Grover was more courteous. He climbed down the wall and dropped to the floor with goat-worthy dexterity. He smelled like a burnt wool blanket. His face was badly sunburned. His cap had fallen into the fire, revealing the tips of his horns, which steamed like miniature volcanoes. Meg had somehow come through just fine. She’d even managed to retract her sword from the wall before falling. She pulled her flask from her supply belt, drank most of the water and handed the rest to Grover.

‘Thanks,’ I grumbled.

‘You beat the heat,’ she noted. ‘Good job. Finally had a godly burst of power?’

‘Er … I think it was more about Helios deciding to give us a pass. He wants out of this maze as much as we want him out. He wants us to kill Medea.’

Grover gulped. ‘So … she’s down here? She didn’t die on that yacht?’

‘Figures.’ Meg squinted down the steaming corridor. ‘Did Helios promise not to burn us if you mess up any more answers?’

‘I – That wasn’t my fault!’

‘Yeah,’ Meg said.

‘Kinda was,’ Grover agreed.

Honestly. I fall into a blazing pit, negotiate a truce with a Titan and flush a firestorm out of the room to save my friends, and they still want to talk about how I can’t recall instructions from the Farmer’s Almanac.

‘I don’t think we can count on Helios never to burn us,’ I said, ‘any more than we can expect Herophile not to use word puzzles. It’s just their nature. This was a one-time get-out-of-the-flames-free card.’

Grover smothered the tips of his horns. ‘Well, then, let’s not waste it.’

‘Right.’ I hitched up my slightly toasted camouflage pants and tried to recapture that confident tone I’d had the first time I addressed my sun horses. ‘Follow me. I’m sure it’ll be fine!’





40


Congratulations

You finished the word puzzle

You win … enemies





Fine, in this case, meant fine if you enjoy lava, chains and evil magic.
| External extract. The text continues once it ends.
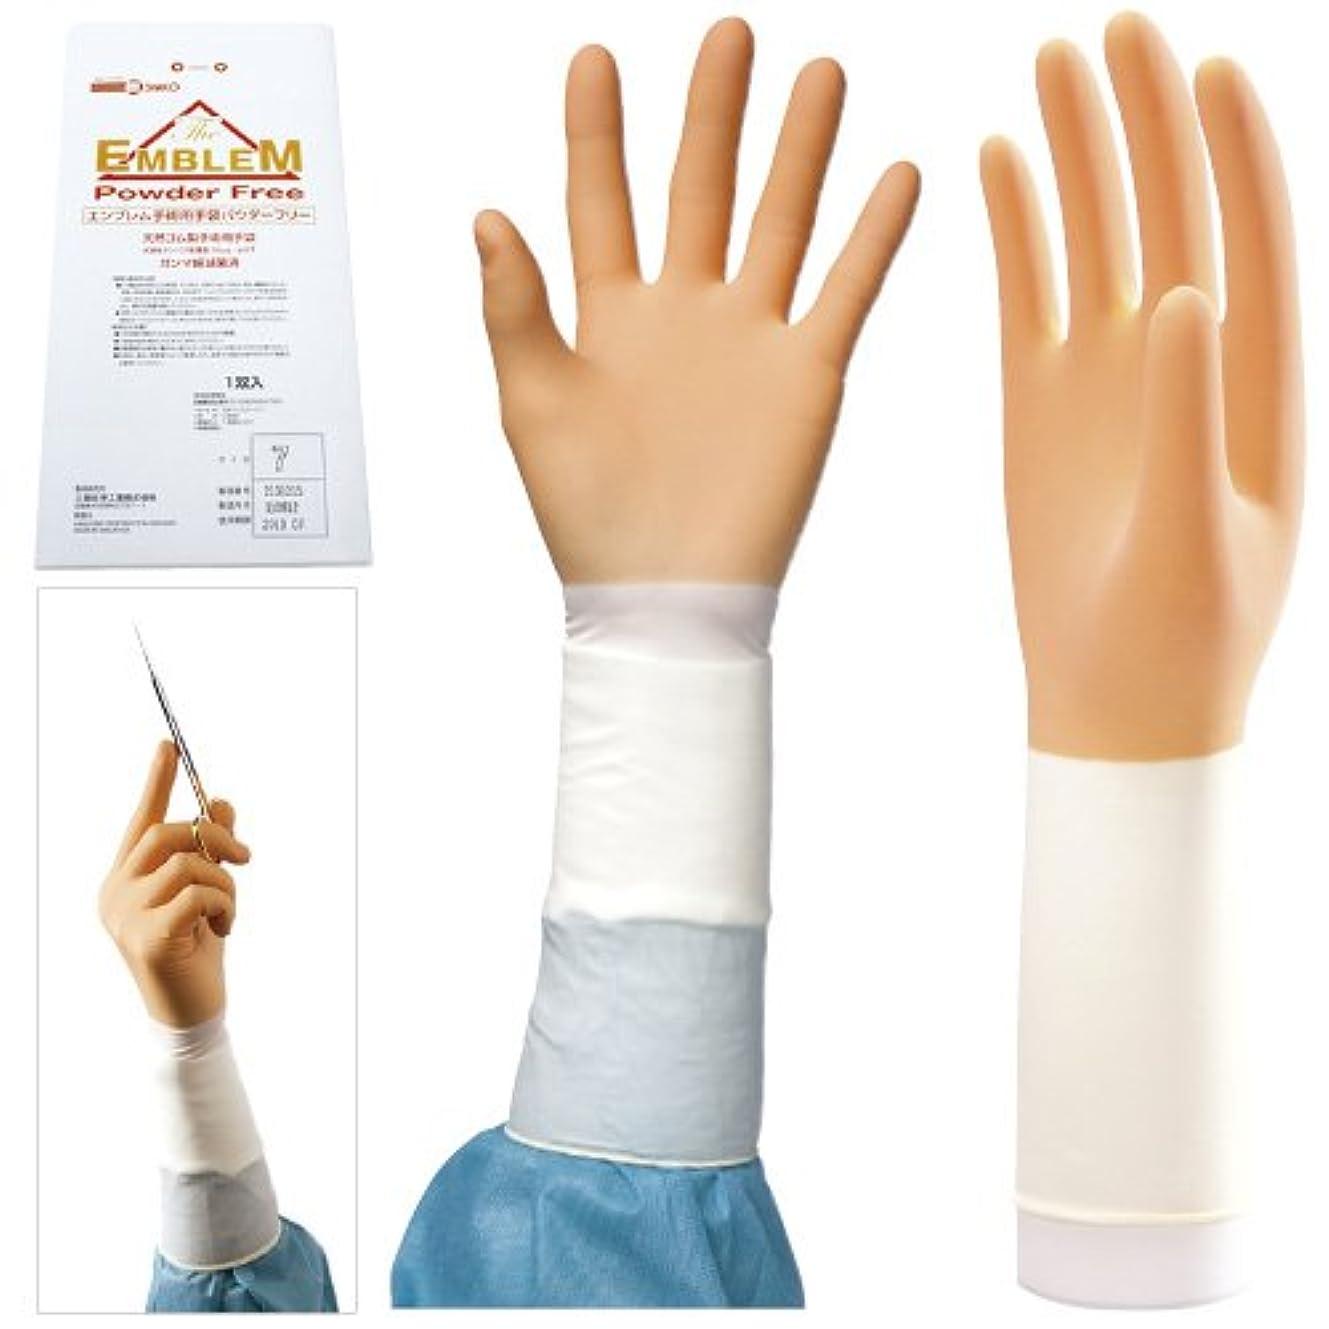 インペリアル大脳生きているエンブレム手術用手袋 パウダーフリー NEW(20双入) 5.5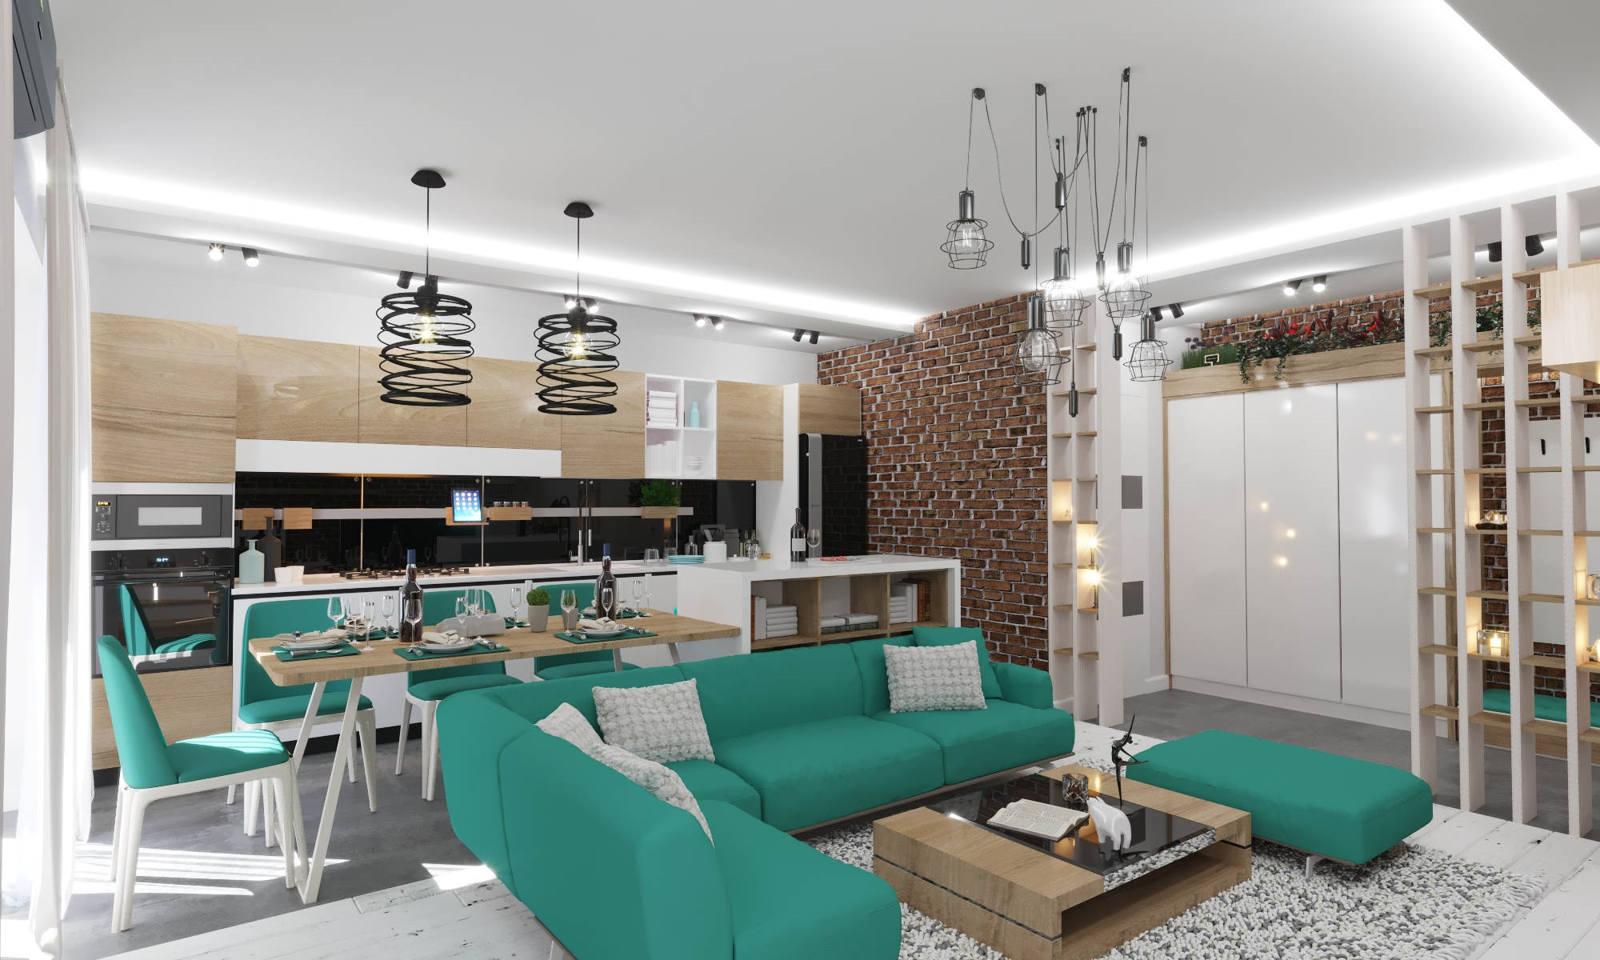 Дизайн кухни- гостинной в квартире фото Киев. Современный стиль, Модерн

The corridor led straight to the chamber of the Oracle, which on the one hand … hooray! On the other hand, not so wonderful. The room was a rectangle the size of a basketball court. Lining the walls were half a dozen entrances – each a simple stone doorway with a small landing that overhung the pool of lava I’d seen in my visions. Now, though, I realized the bubbling and shimmering substance was not lava. It was the divine ichor of Helios – hotter than lava, more powerful than rocket fuel, impossible to get out if you spilled it on your clothes (I could tell you from personal experience). We had reached the very centre of the maze – the holding tank for Helios’s power.